_Task item_
Keep every word of the entries and print them exactly; the pictures stay out.

_Information_
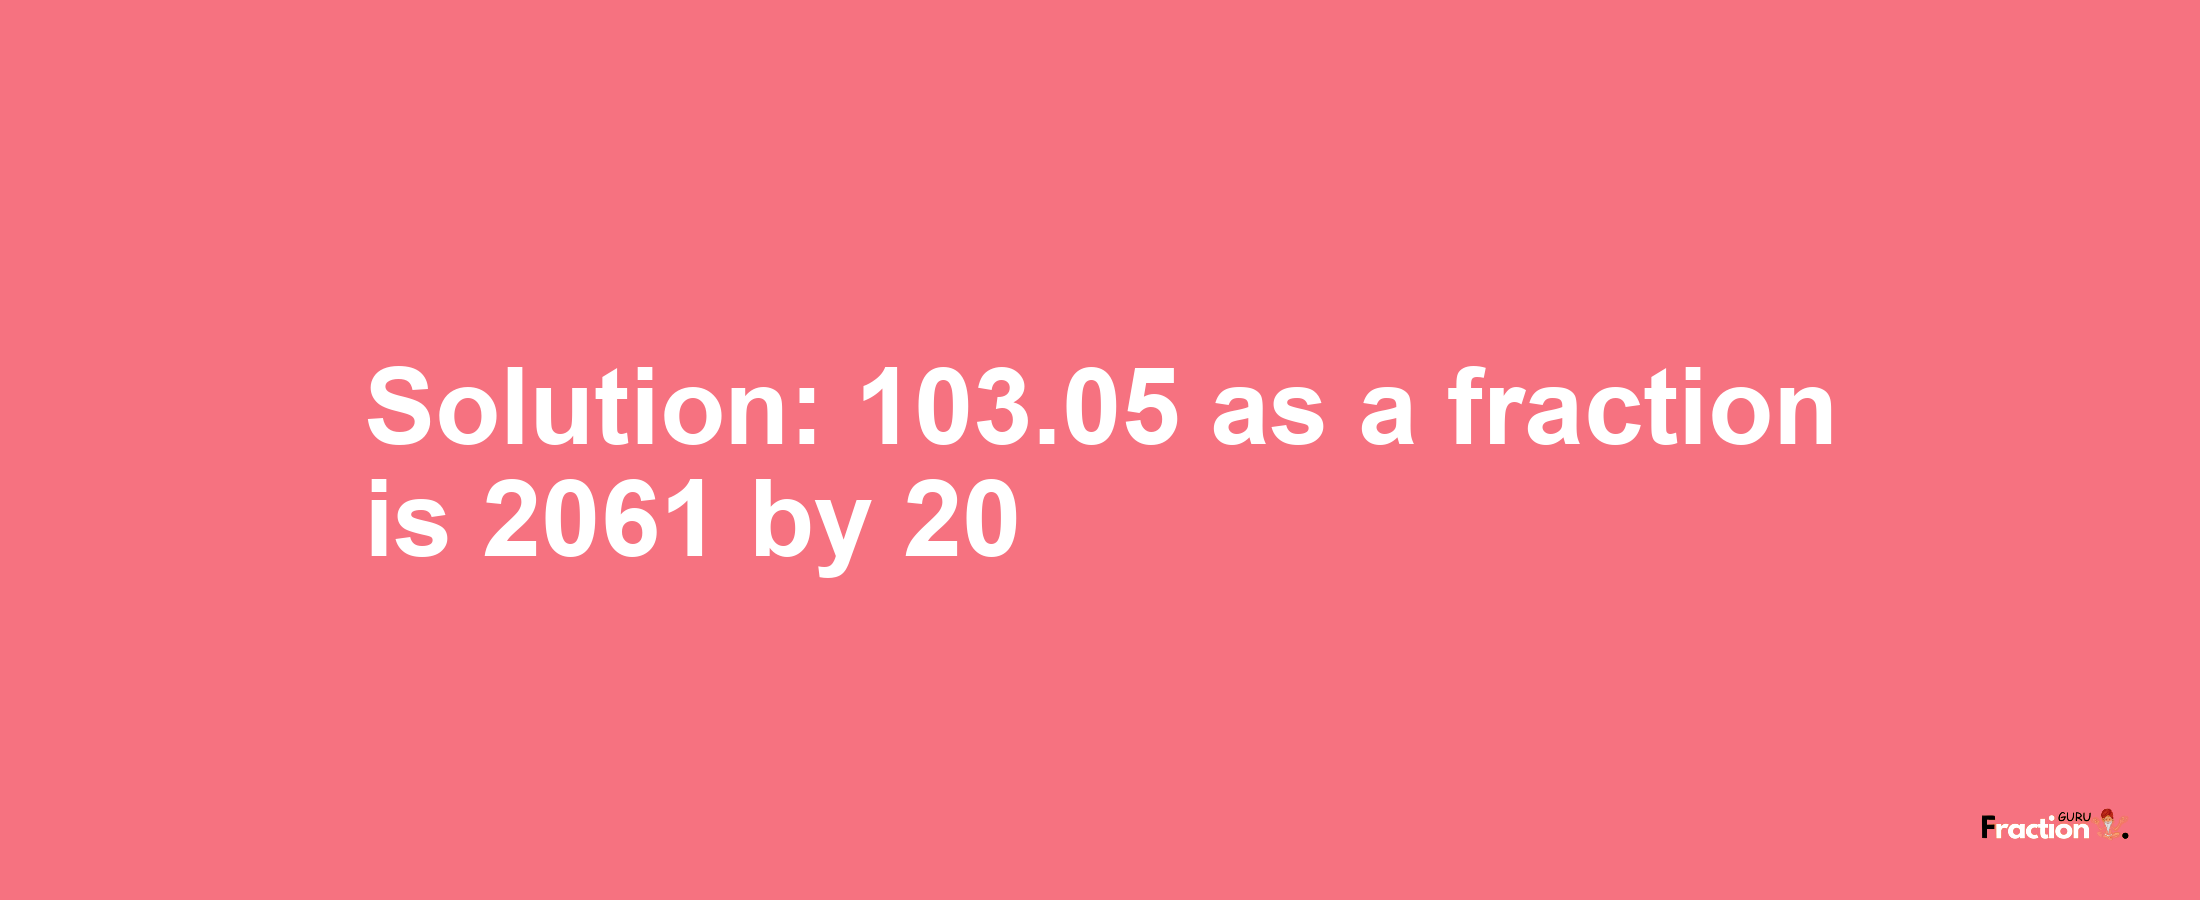 Solution:103.05 as a fraction is 2061/20
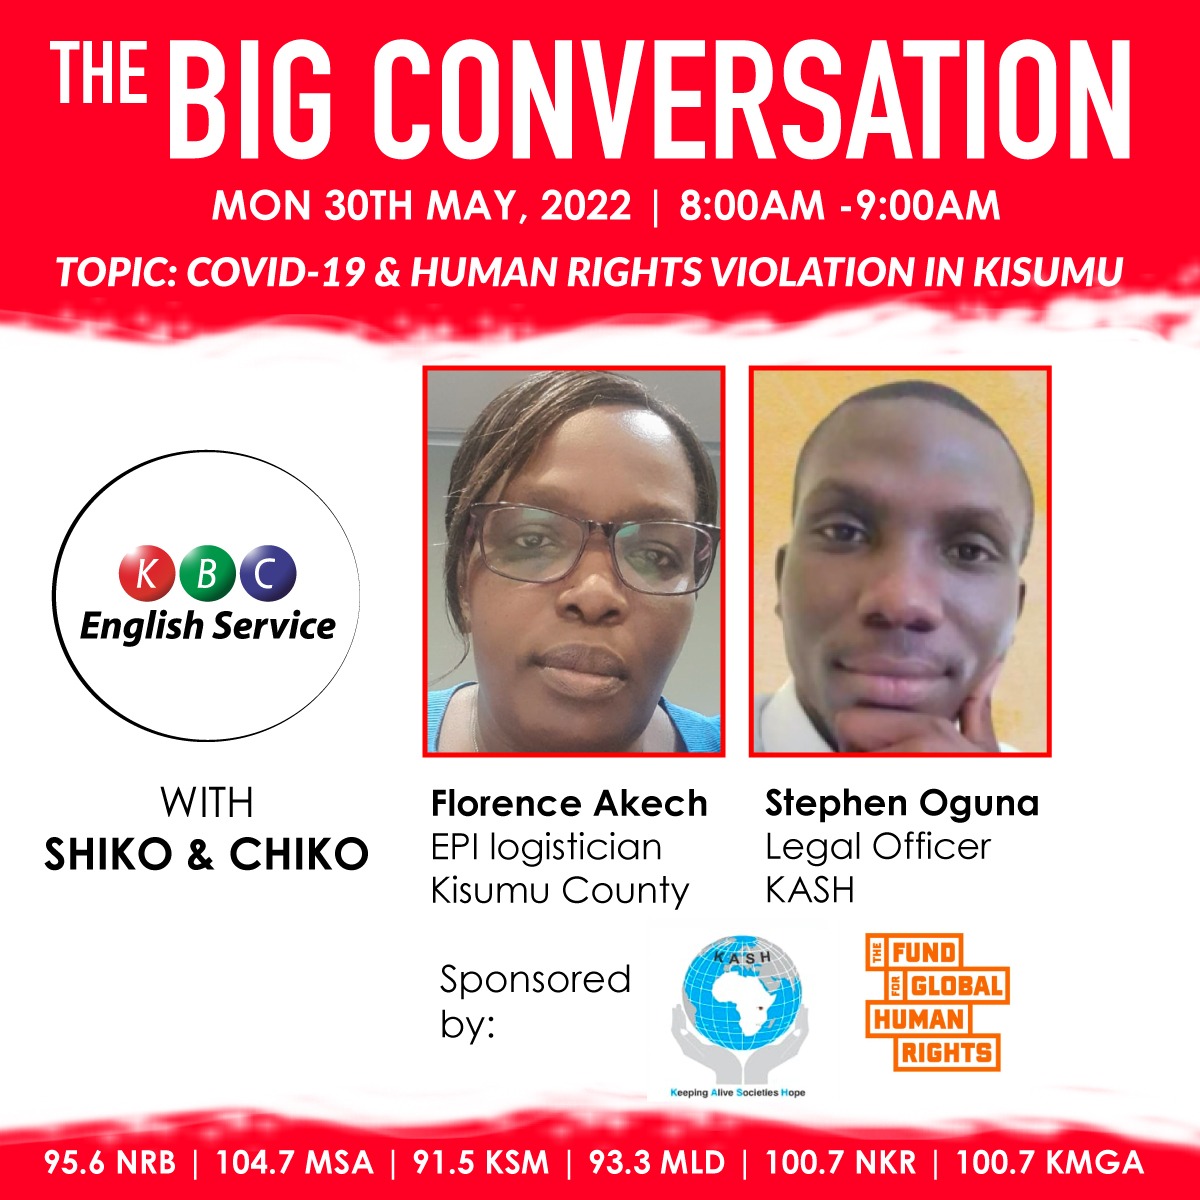 Are you in Kisumu City? Yurop if you like. The big conversation focuses on human rights violations that resulted from covid-19 restrictions and protocols.Did you suffer any injustice? Let us know.
#ShikoAndChiko
#BreakfastClubKBC
@kbcenglish

_Result_
 Solution:103.05 as a fraction is 2061/20
 Are you in Kisumu City? Yurop if you like. The big conversation focuses on human rights violations that resulted from covid-19 restrictions and protocols.Did you suffer any injustice? Let us know.
#ShikoAndChiko
#BreakfastClubKBC
@kbcenglish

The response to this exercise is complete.